The Architecture of Bank Python: An Oral History of Proprietary Financial Systems

The infrastructure of major investment banks often relies on massive, proprietary ecosystems that blend general-purpose languages like Python with custom-built object stores and execution environments. These systems are designed to solve high-scale financial problems that off-the-shelf software could not handle at the time of their creation, resulting in "alternate IT realities" where developers work with tools that cannot be Googled or supported by AI.

The Core Architecture: Python and Proprietary Object Stores

Investment banks frequently build internal platforms that integrate a programming language with a global object database. A primary example is the use of Python paired with a system like "Barbara," which serves as a global object store for the entire bank.

The Role of the Object Store

In these environments, the object store (such as Barbara) acts as more than just a database; it is the central repository for application state, data, and even the system's own source code.

• Source Code Storage: In some configurations, the source code for the system is stored within the object store itself (e.g., in a special "sourcecode" ring) rather than on a traditional disk.
• State Management: Applications often store internal state by writing dataclasses directly into the object store with minimal locking or transaction overhead.
• Global Access: These systems often feature a default "ring" or global area that allows broad access to data across the bank, though specific permissions systems are required to manage sensitive transactions.

Lineage and Influence

These Python-centric systems (such as "Alpha" at JPM or "Quartz" at Merrill) are often descendants of earlier proprietary languages. Many originated from the SecDB/Slang ecosystem at Goldman Sachs, where SecDB served as the object store and Slang was a C-like language that allowed unconventional features, such as spaces in variable names.

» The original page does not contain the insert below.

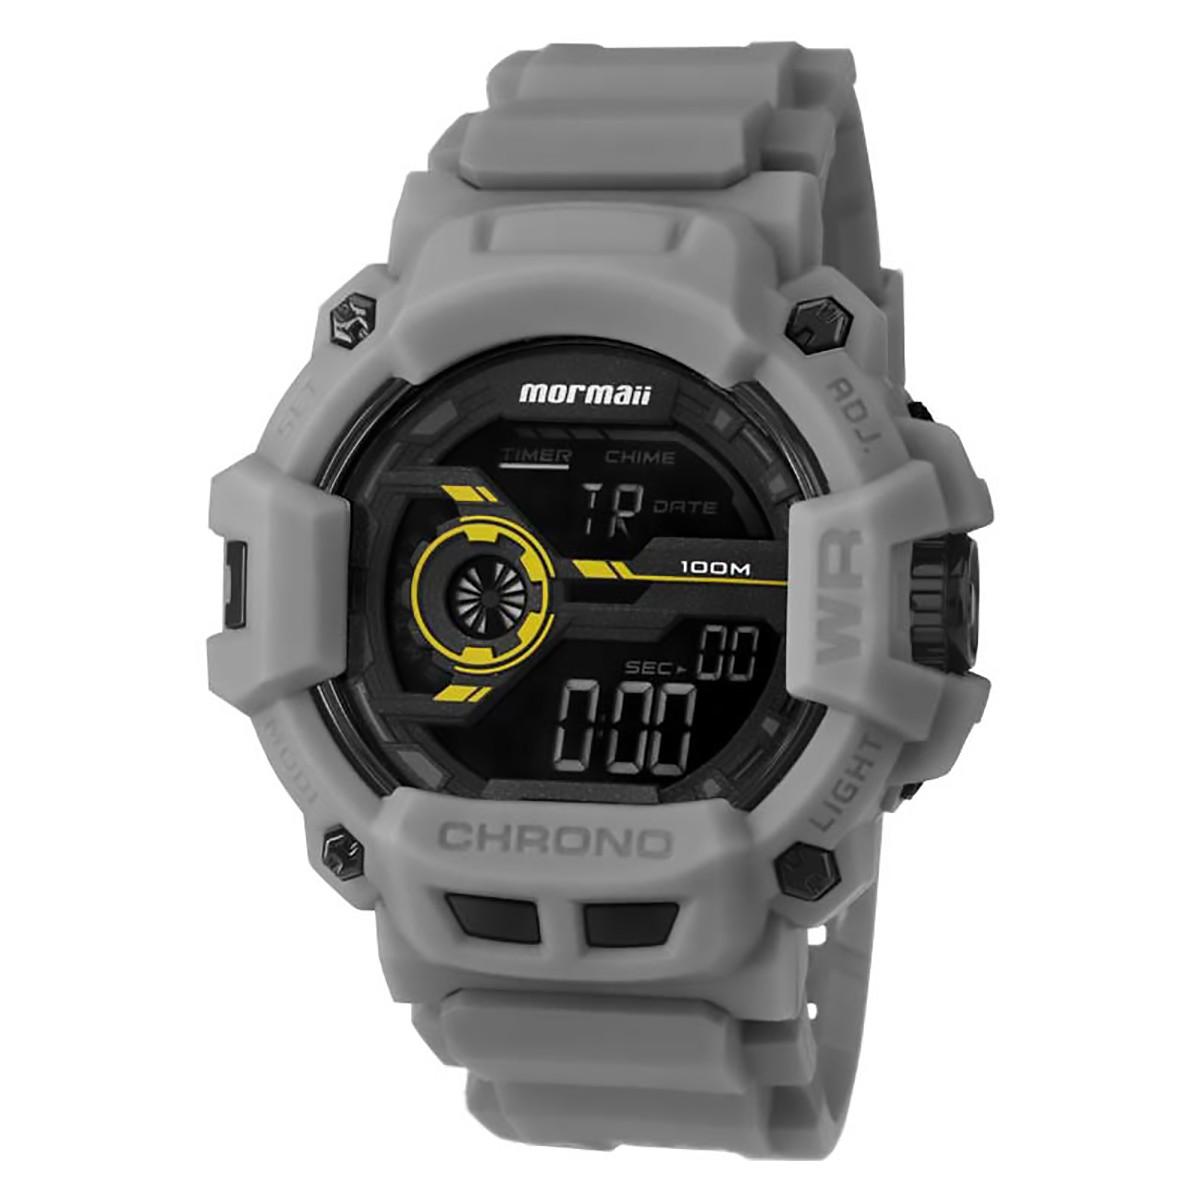 9b6f4ae3de63a Compre Relógio Mormaii Acqua Pro Adventure em 10X   Tri-Jóia Shop

The Challenge of Legacy Migration in Finance

Migrating away from these proprietary systems is a historically difficult process due to the extreme risk-to-reward ratio associated with financial infrastructure.

Risk vs. Reward

Developers and architects face a significant imbalance when attempting to modernize legacy systems:

• Capped Upside: The primary benefit of a successful migration is often a promotion or professional recognition.
• High Downside: A failure during migration can lead to a huge outage that could "tank the business."

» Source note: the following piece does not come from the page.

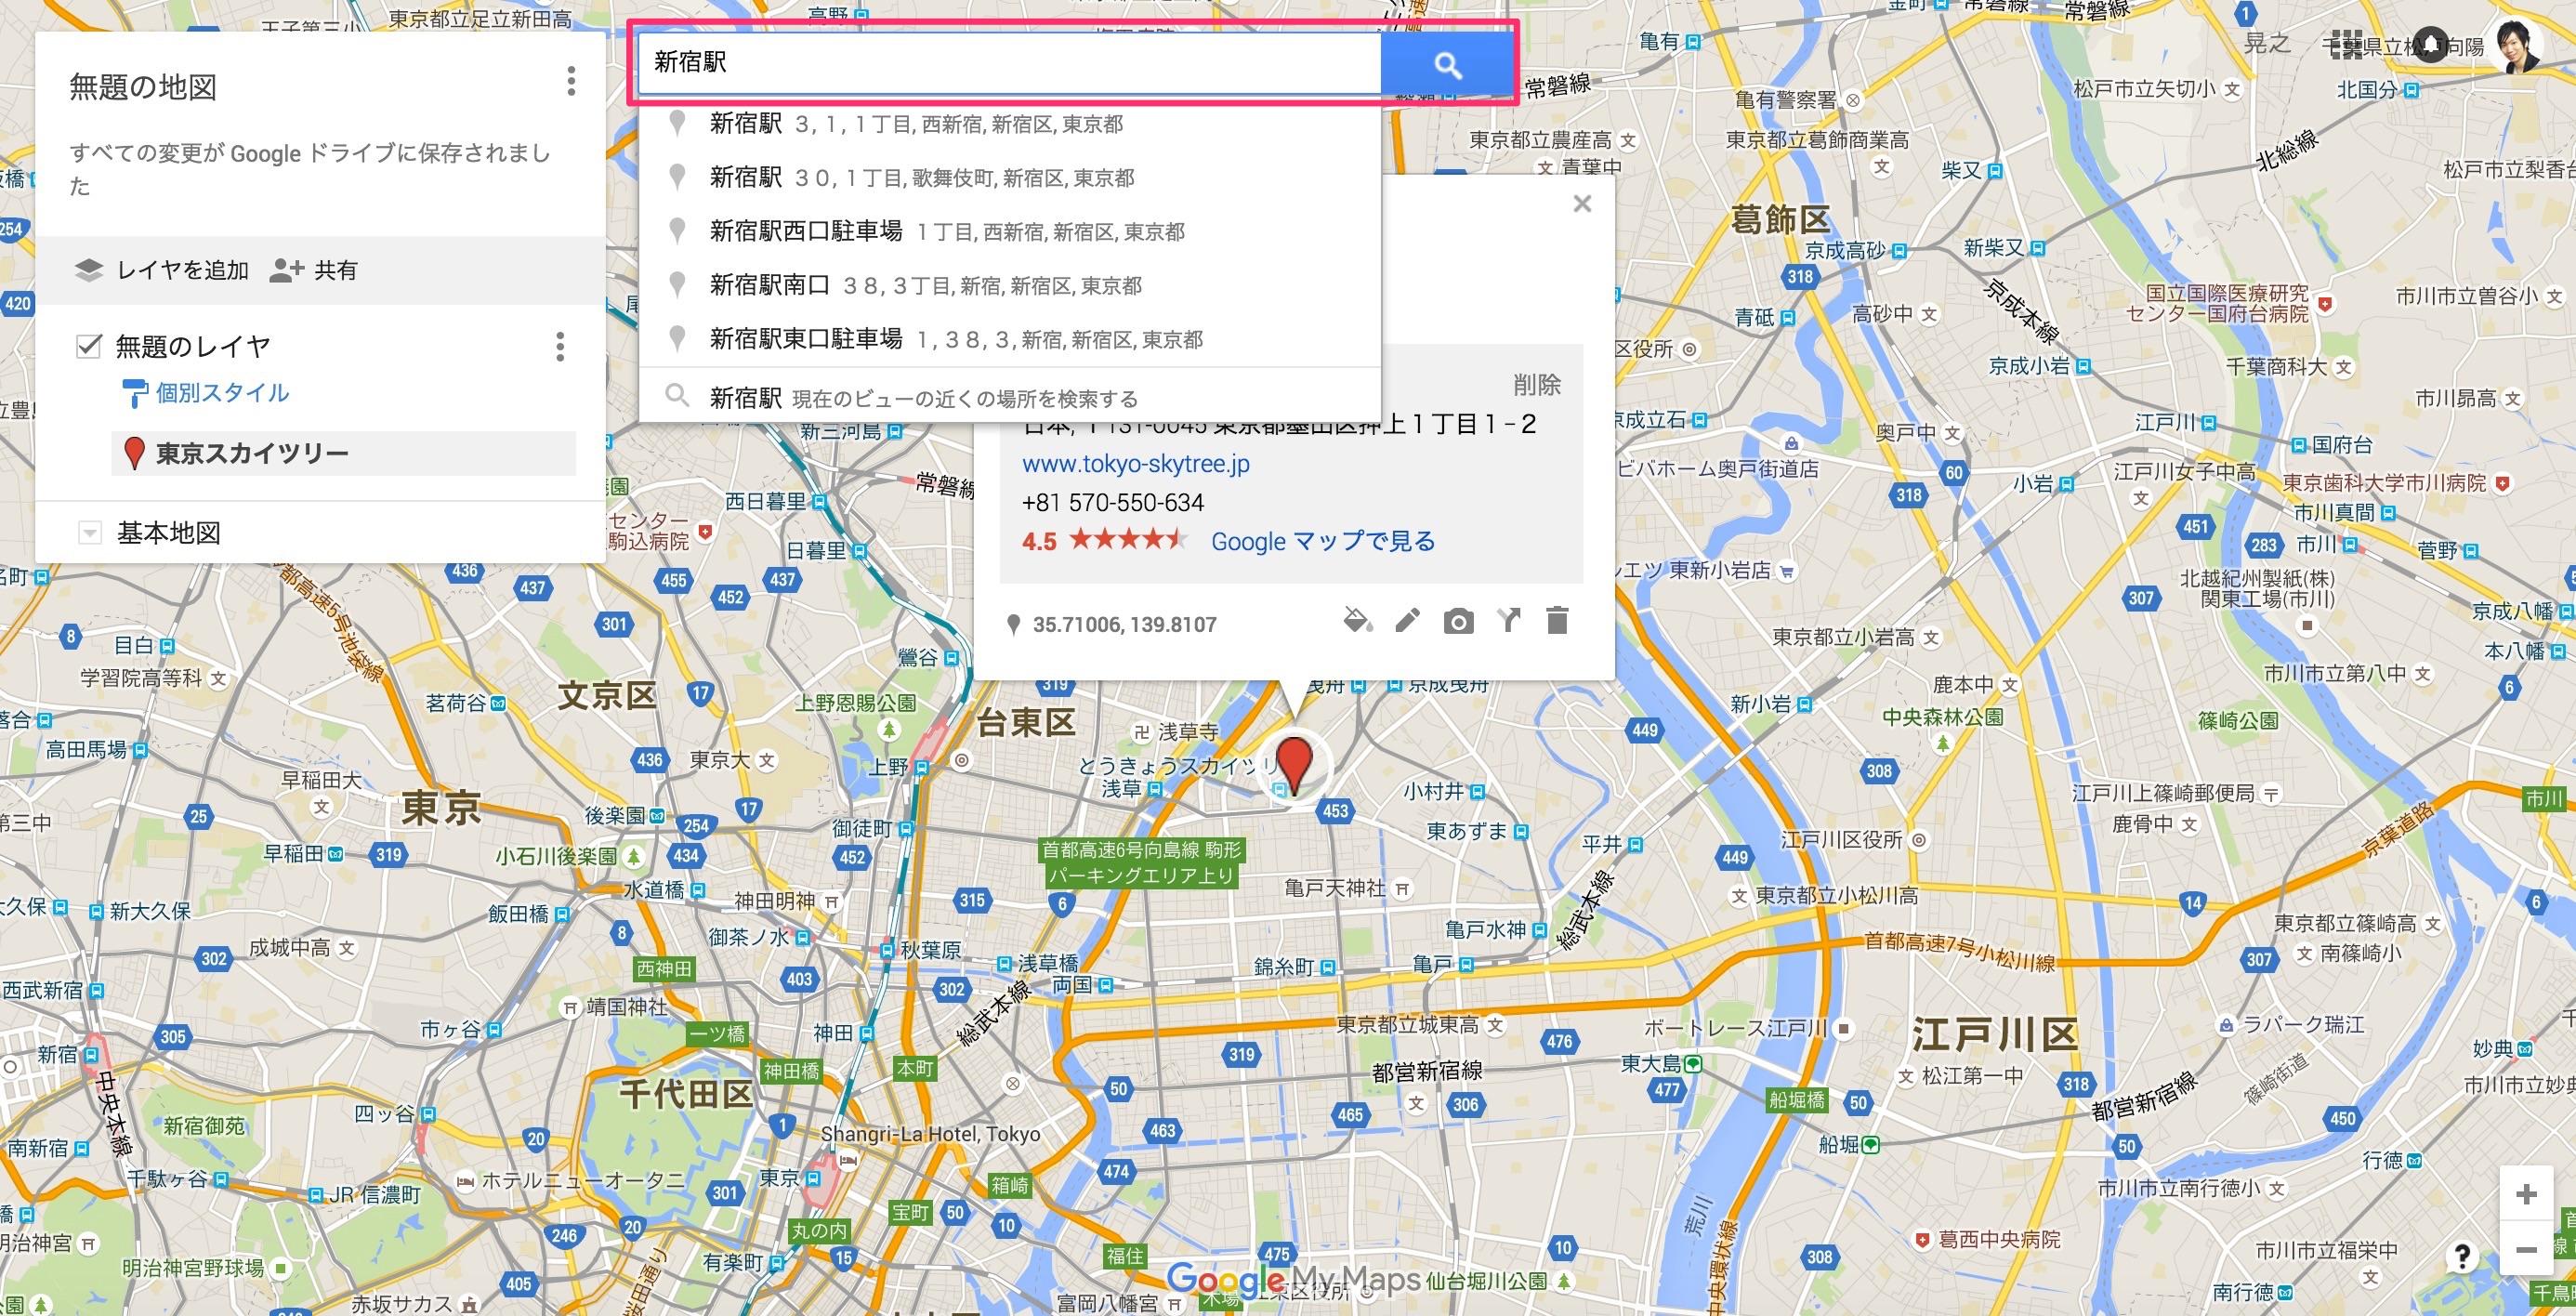 googlemapのマイプレイスの使い方6

The "Big Bang" vs. Gradual Refactor

While gradual refactors are generally preferred, some financial systems are so deeply integrated that they require a "big bang" migration. This often leads to a situation where battle-tested, performant legacy systems are replaced by "shiny, new systems" that may introduce more bugs, often driven by the desire of engineers to have a more impressive resume.

Operational Realities of Proprietary Banking Tech

Working within these ecosystems creates a unique set of technical and operational constraints that are often invisible to the rest of the software industry.

Software Archaeology

Engineers often encounter components that seem redundant or inefficient by modern standards. However, these are typically the result of "software archaeology," where the code was written because a mature, off-the-shelf solution simply did not exist at the time of development.

Extreme Edge Cases

Financial systems must handle complexities that go beyond standard coding:

• Regulatory Constraints: For example, Korean trading may require servers to be physically located in Korea and traders to be licensed in Korea, even if they are operating from New York.
• Trade Breaks: Entire systems are dedicated to tracking "trade breaks" (disagreements between banks on a specific fill), some of which remain open for years due to litigation or corporate insolvency.
• Long-term Order Persistence: Some systems have historically maintained "Good Till Cancel" orders dating back decades (e.g., orders from 1997).

The "Alternate IT Reality"

Because these systems are proprietary, the skillsets developed by engineers are tied to a single company. This creates a workforce of specialists who cannot rely on external documentation, Stack Overflow, or AI assistants, as the tools they use do not exist in the public domain. This is further complicated by the lack of comprehensive documentation, making the internal knowledge transfer highly dependent on a few individuals.